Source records
────────────────────

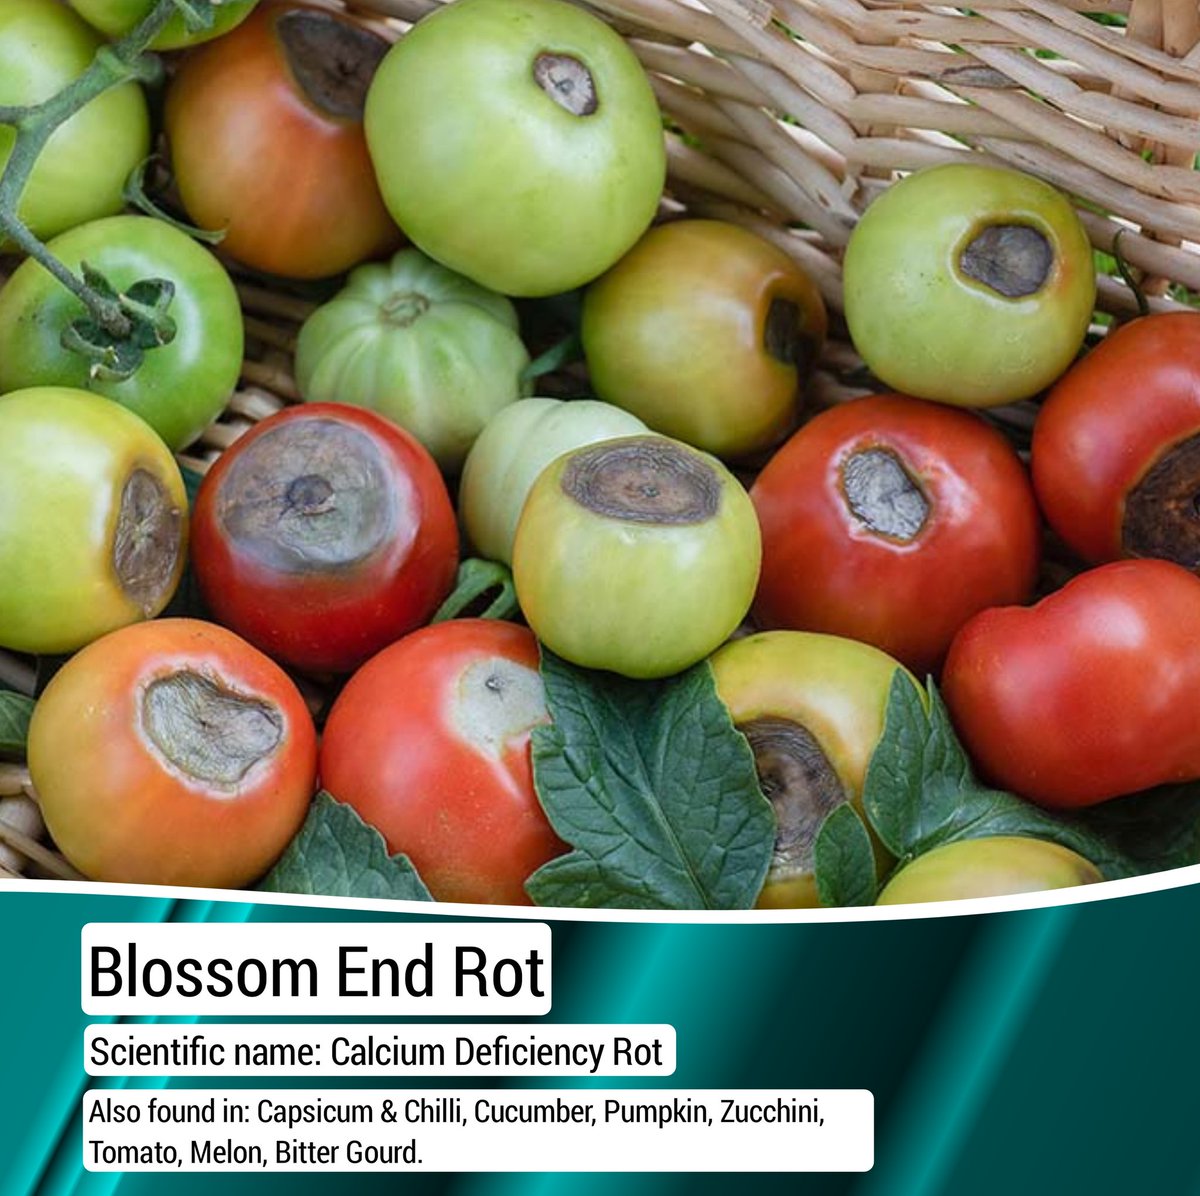 Blossom End Rot

#calciumdeficiency 
#calcium
#disease 
#tomatocultivation
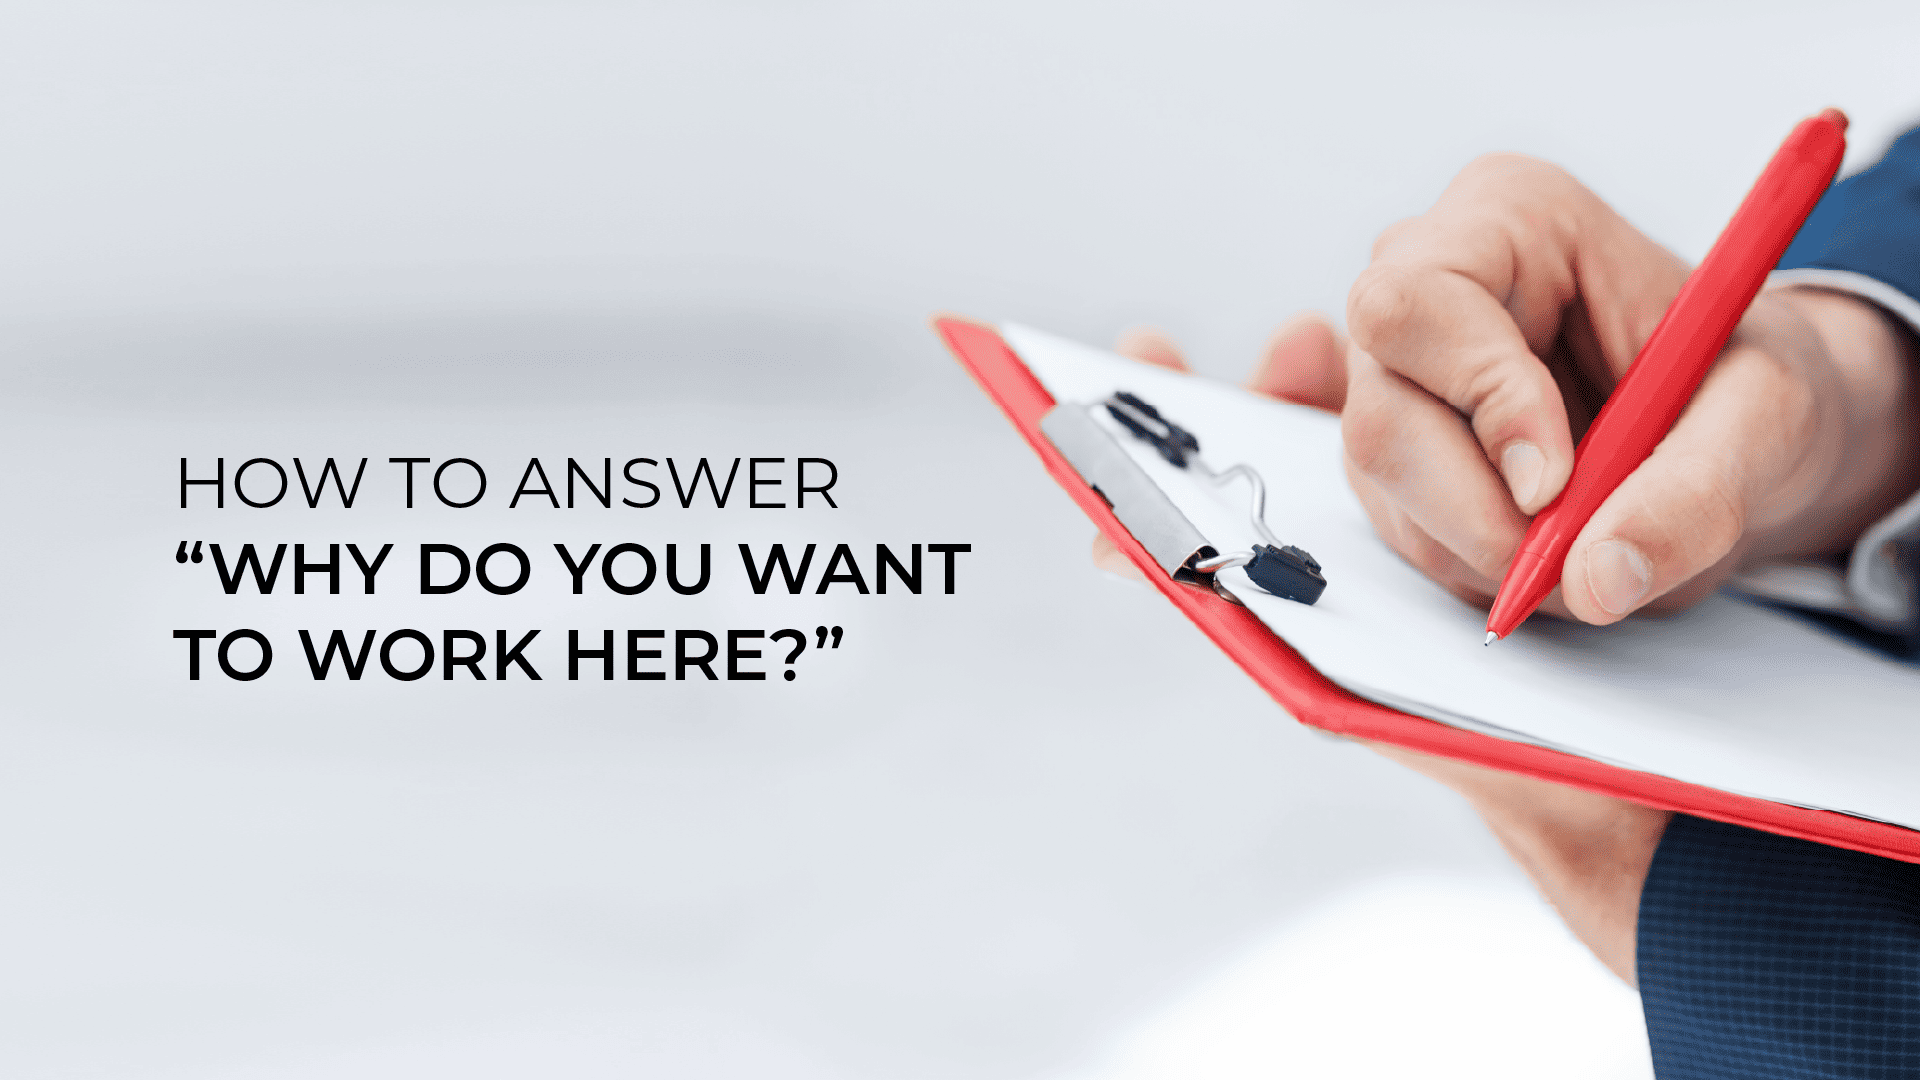 How to Answer “Why do You Want to Work Here?”

────────────────────

Which lines run from the one containing "#tomatocultivation" through the last line of the entries above? Output them exactly, both ends included, with no pictures.

#tomatocultivation
 How to Answer “Why do You Want to Work Here?”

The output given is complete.